## What you will do
Whenever an image turns up, omit it and return the remaining data exactly.

## Input data

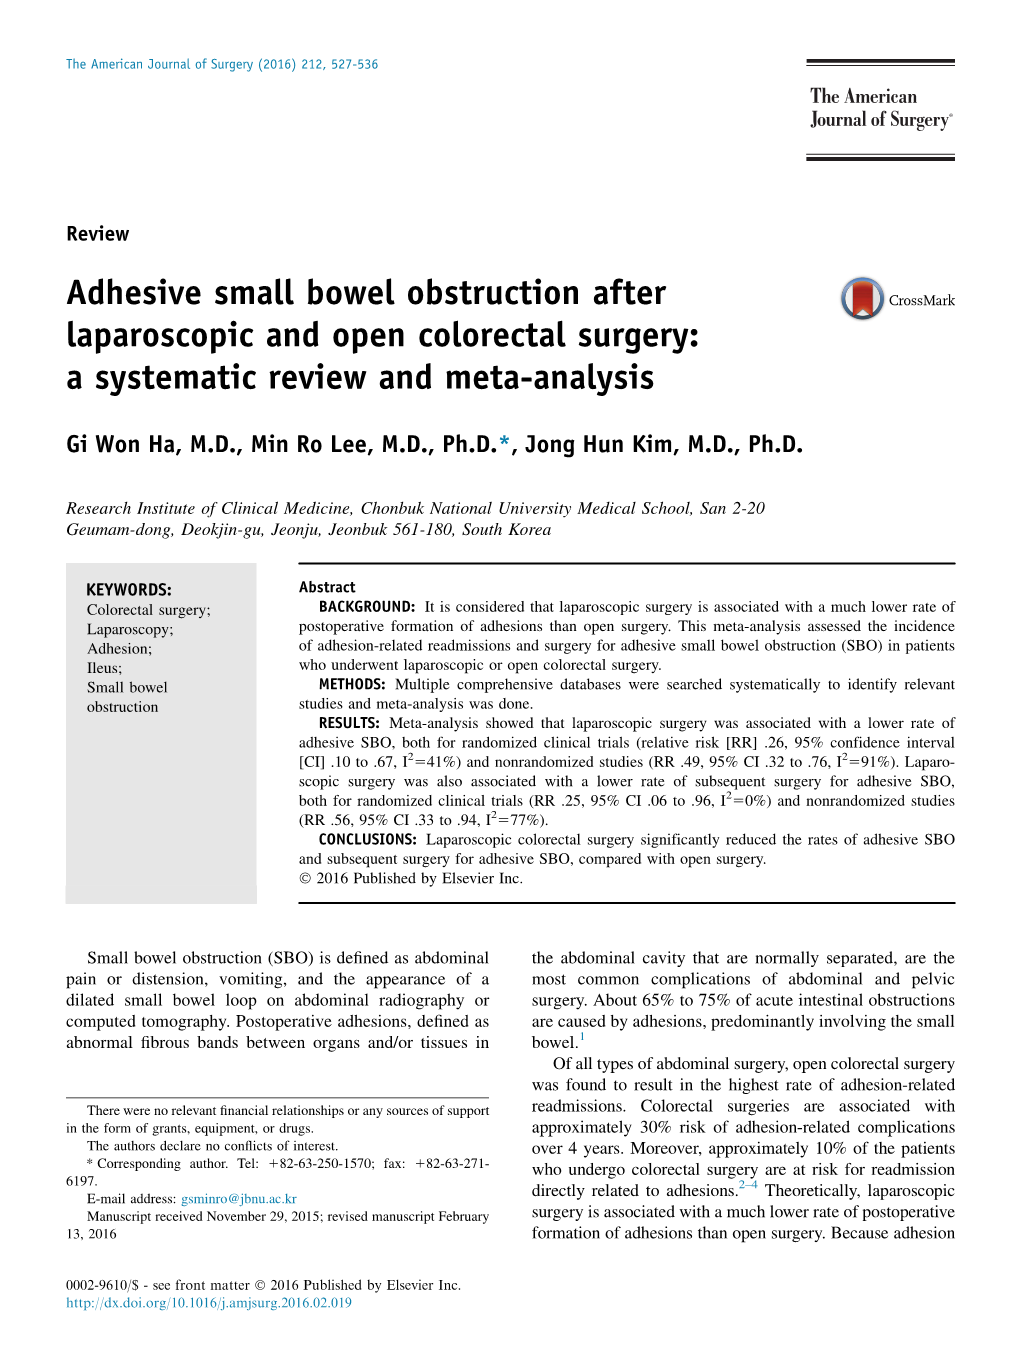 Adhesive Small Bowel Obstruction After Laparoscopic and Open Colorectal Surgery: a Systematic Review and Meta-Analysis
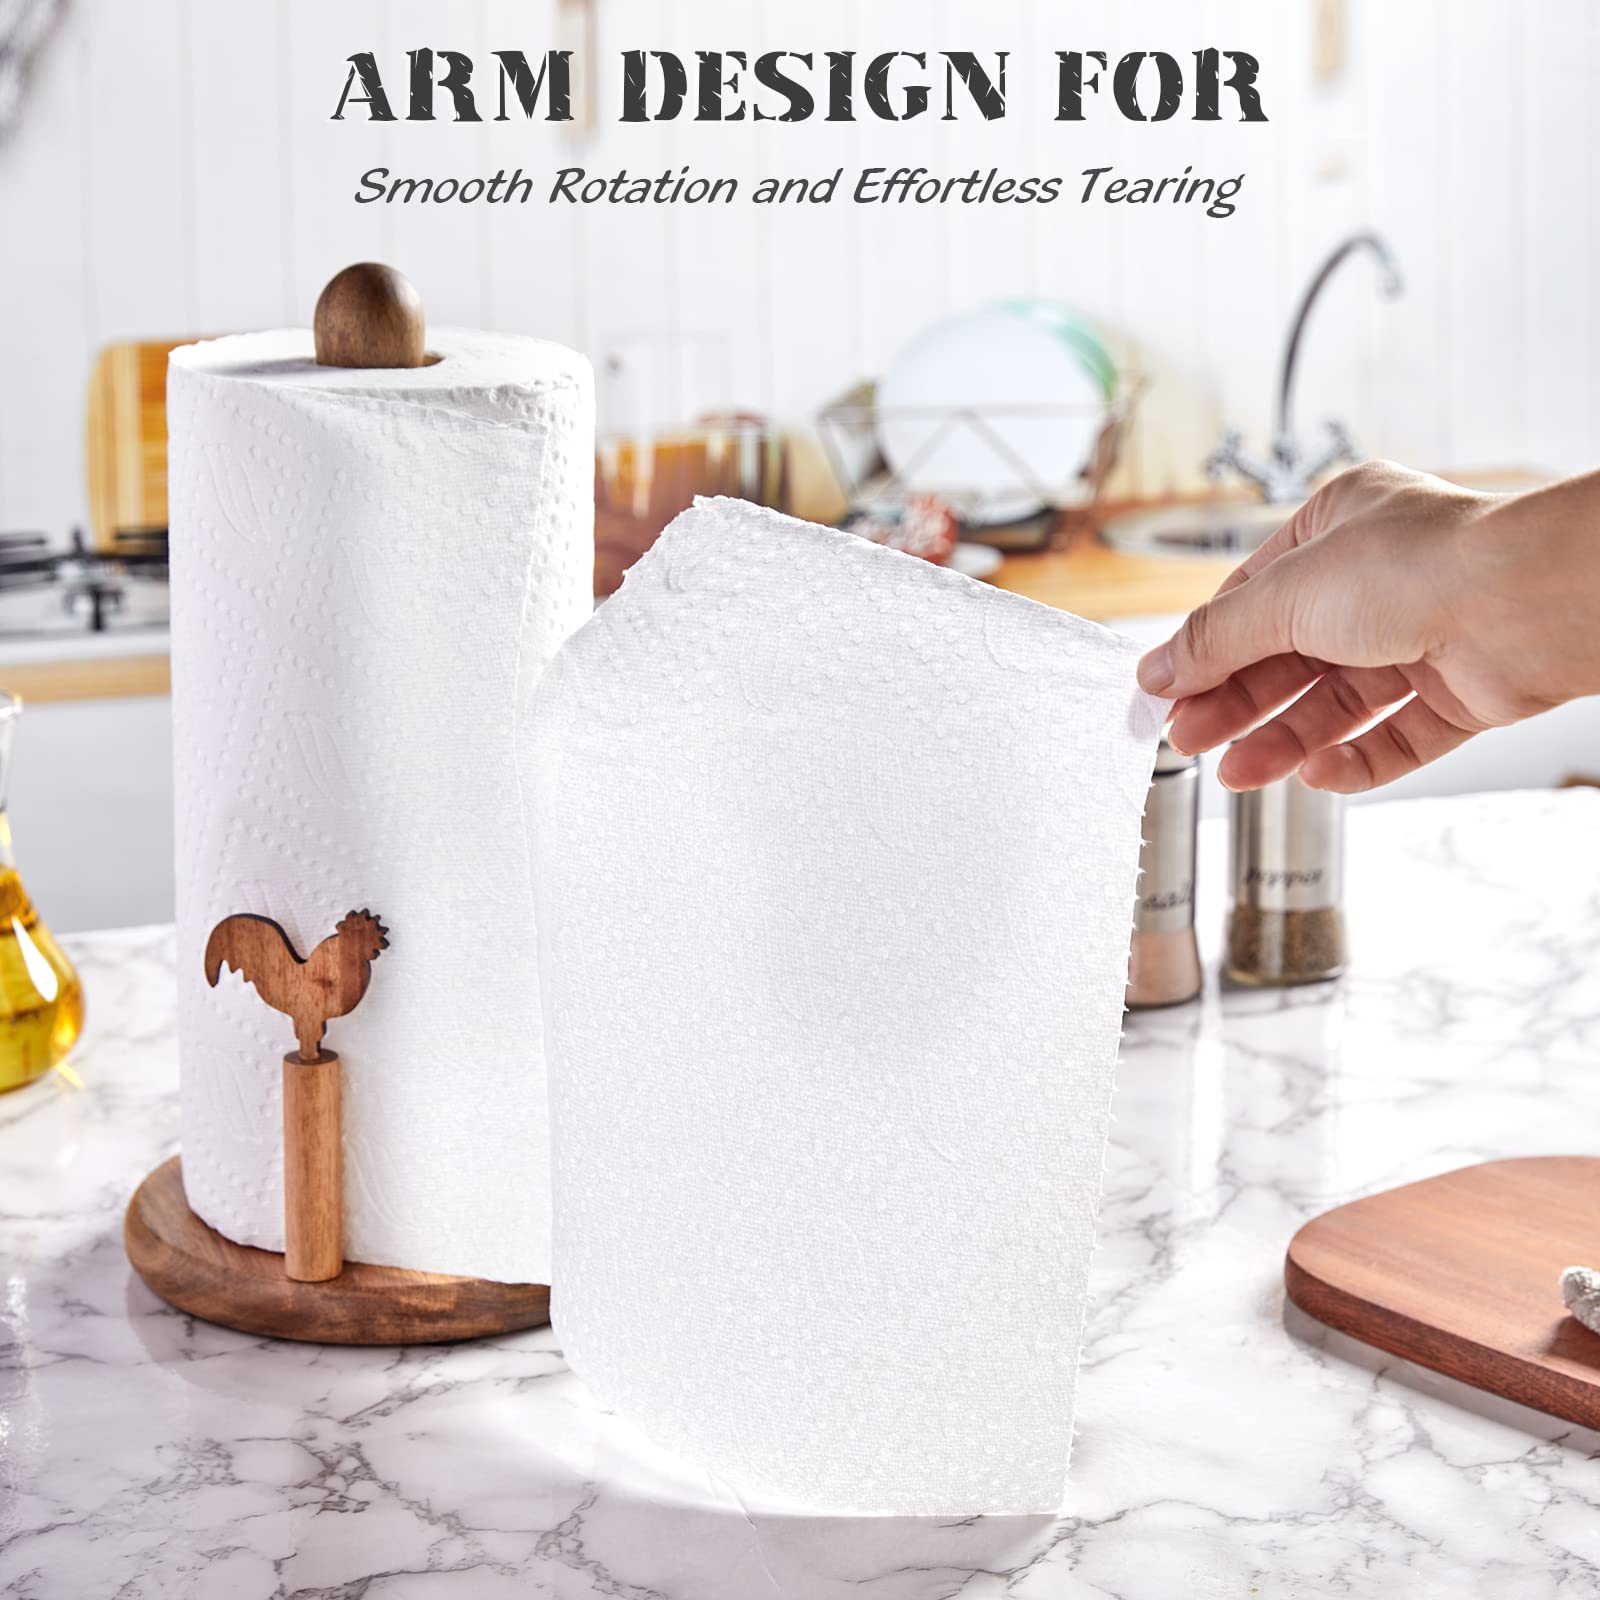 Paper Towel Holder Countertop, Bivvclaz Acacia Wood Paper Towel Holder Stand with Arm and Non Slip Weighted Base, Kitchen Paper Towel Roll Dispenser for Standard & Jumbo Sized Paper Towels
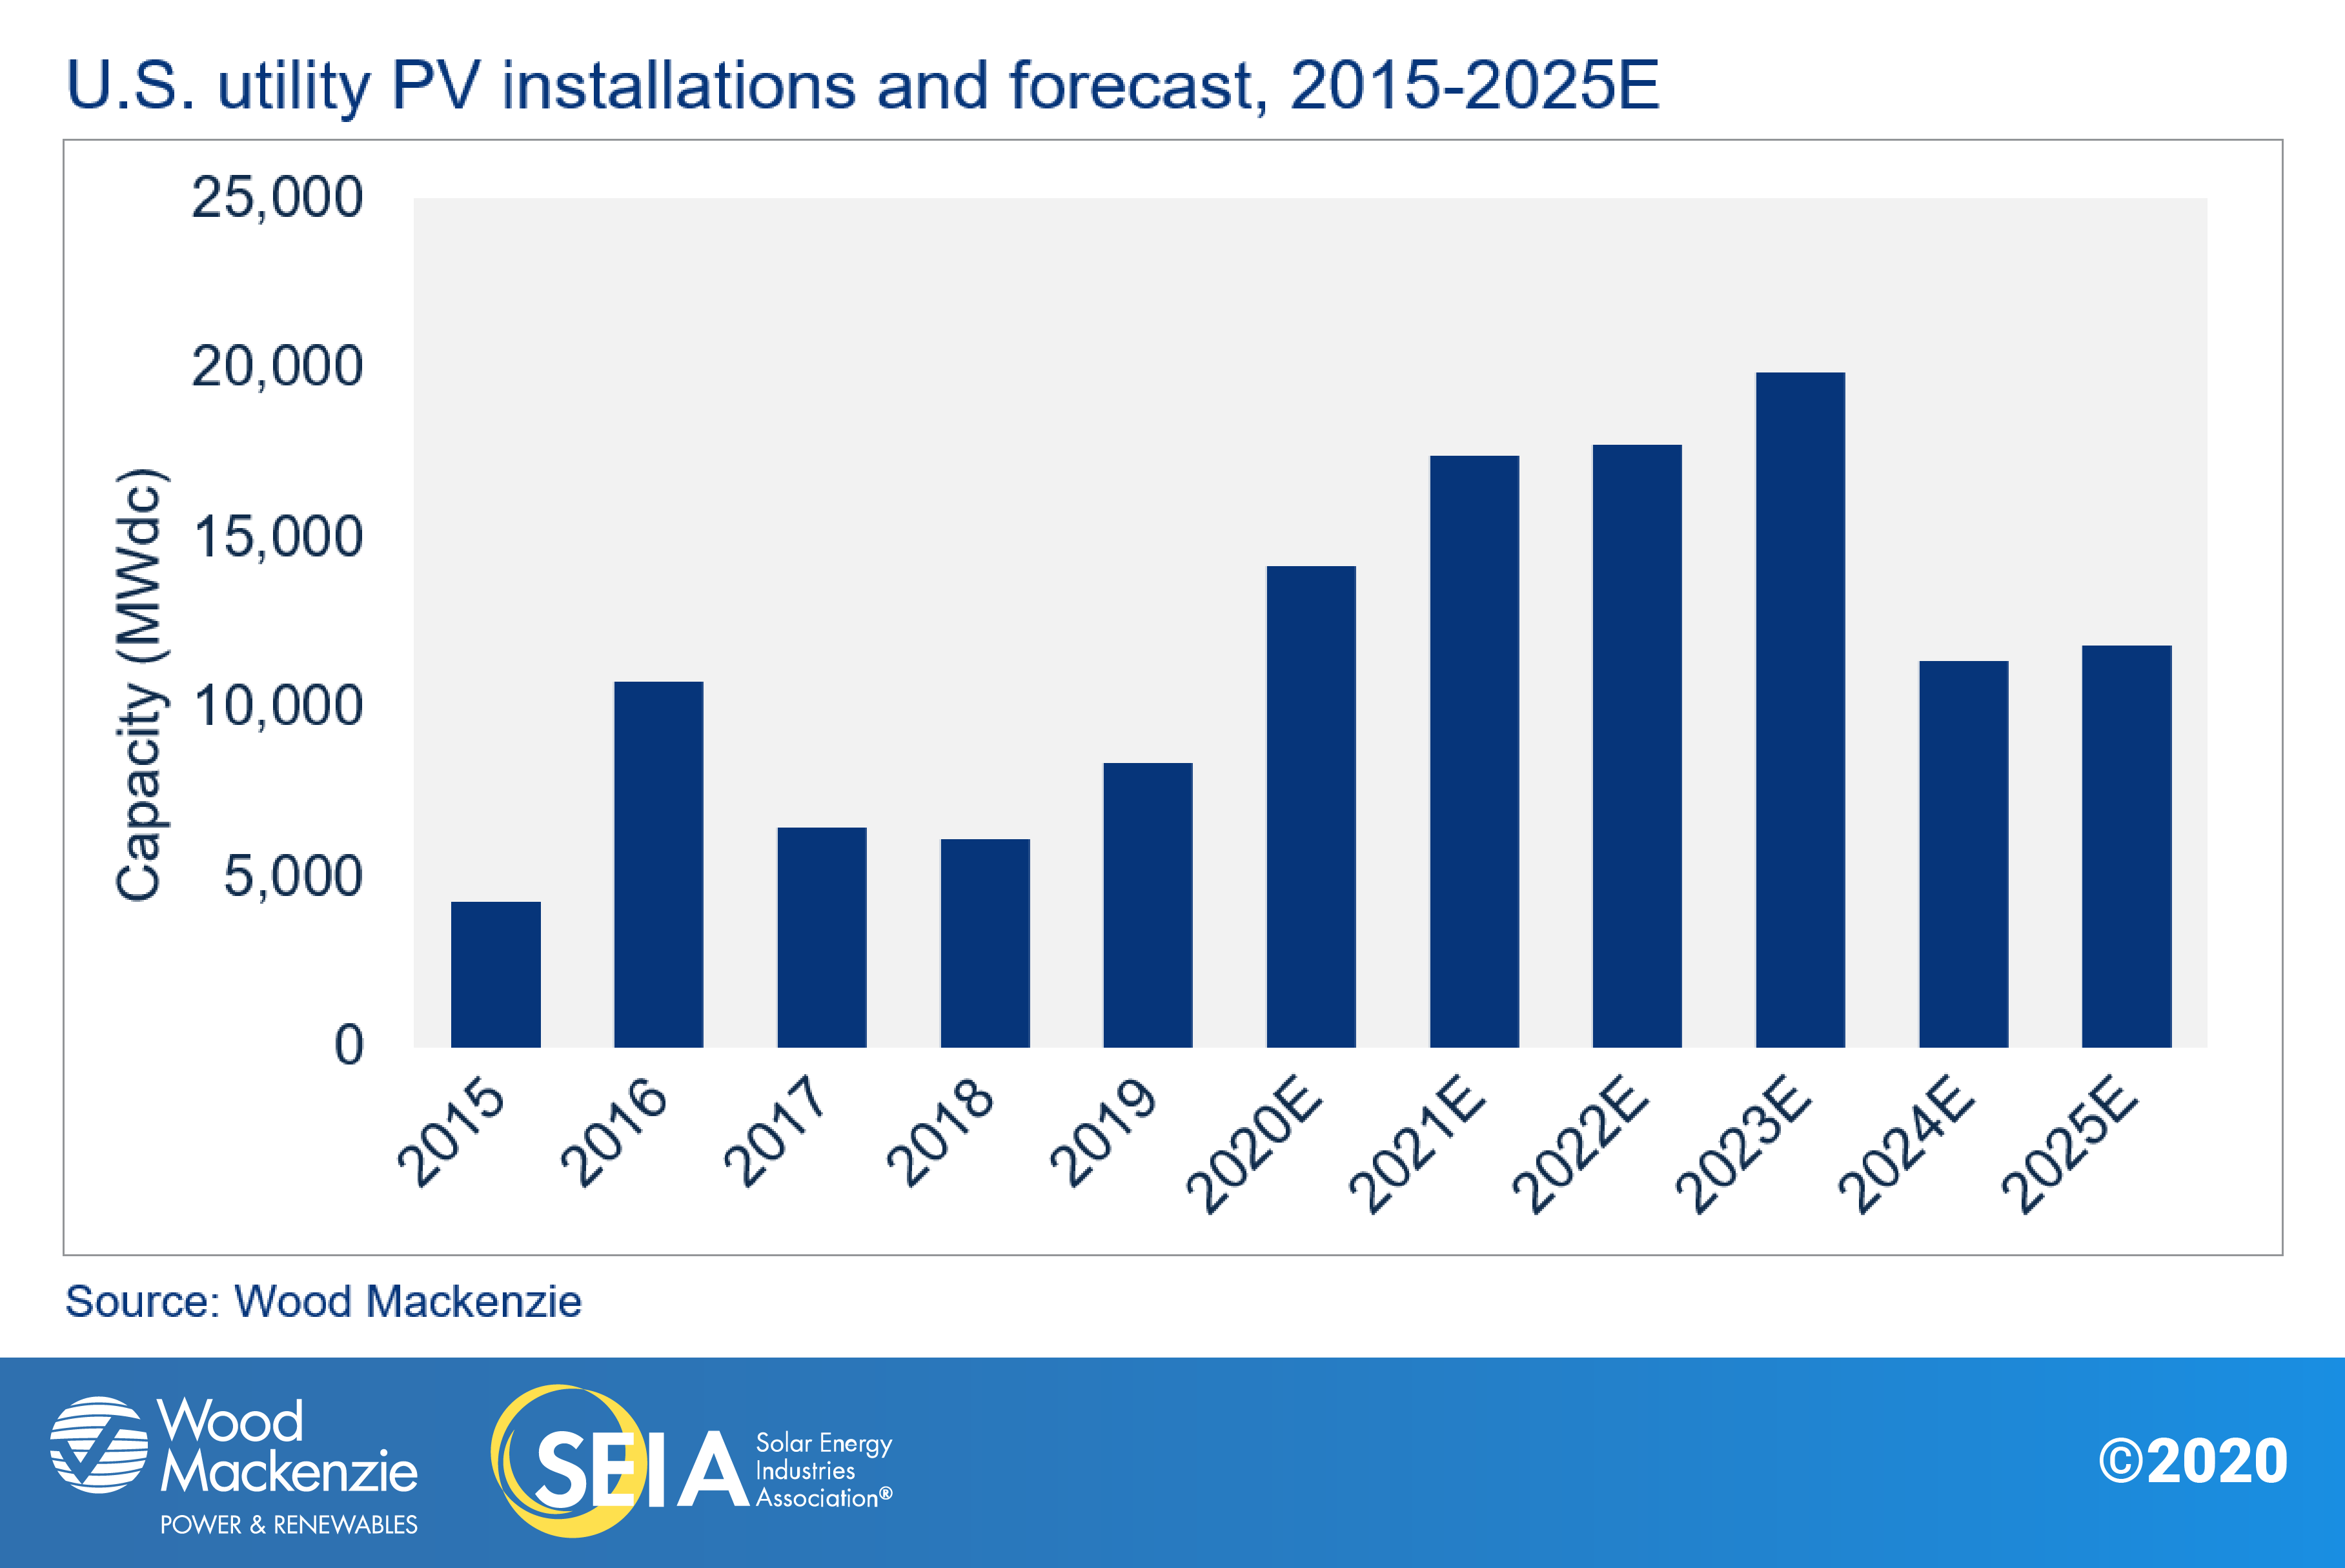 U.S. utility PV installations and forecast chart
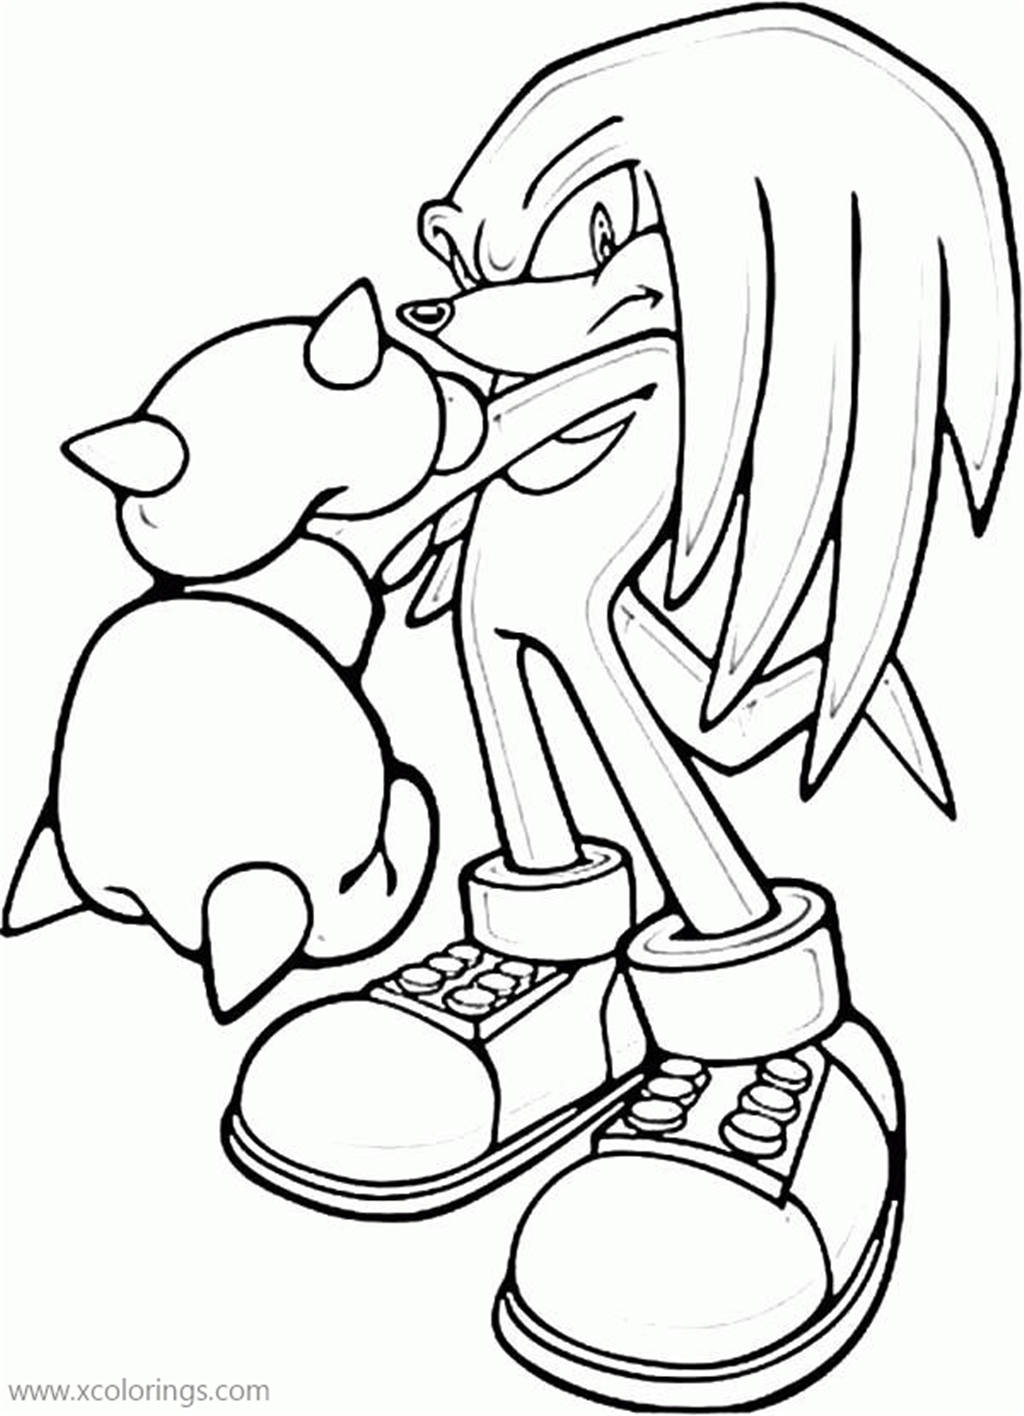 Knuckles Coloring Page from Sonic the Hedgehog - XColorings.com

## Solution for this task
 Adhesive Small Bowel Obstruction After Laparoscopic and Open Colorectal Surgery: a Systematic Review and Meta-Analysis
 Paper Towel Holder Countertop, Bivvclaz Acacia Wood Paper Towel Holder Stand with Arm and Non Slip Weighted Base, Kitchen Paper Towel Roll Dispenser for Standard & Jumbo Sized Paper Towels
 U.S. utility PV installations and forecast chart
 Knuckles Coloring Page from Sonic the Hedgehog - XColorings.com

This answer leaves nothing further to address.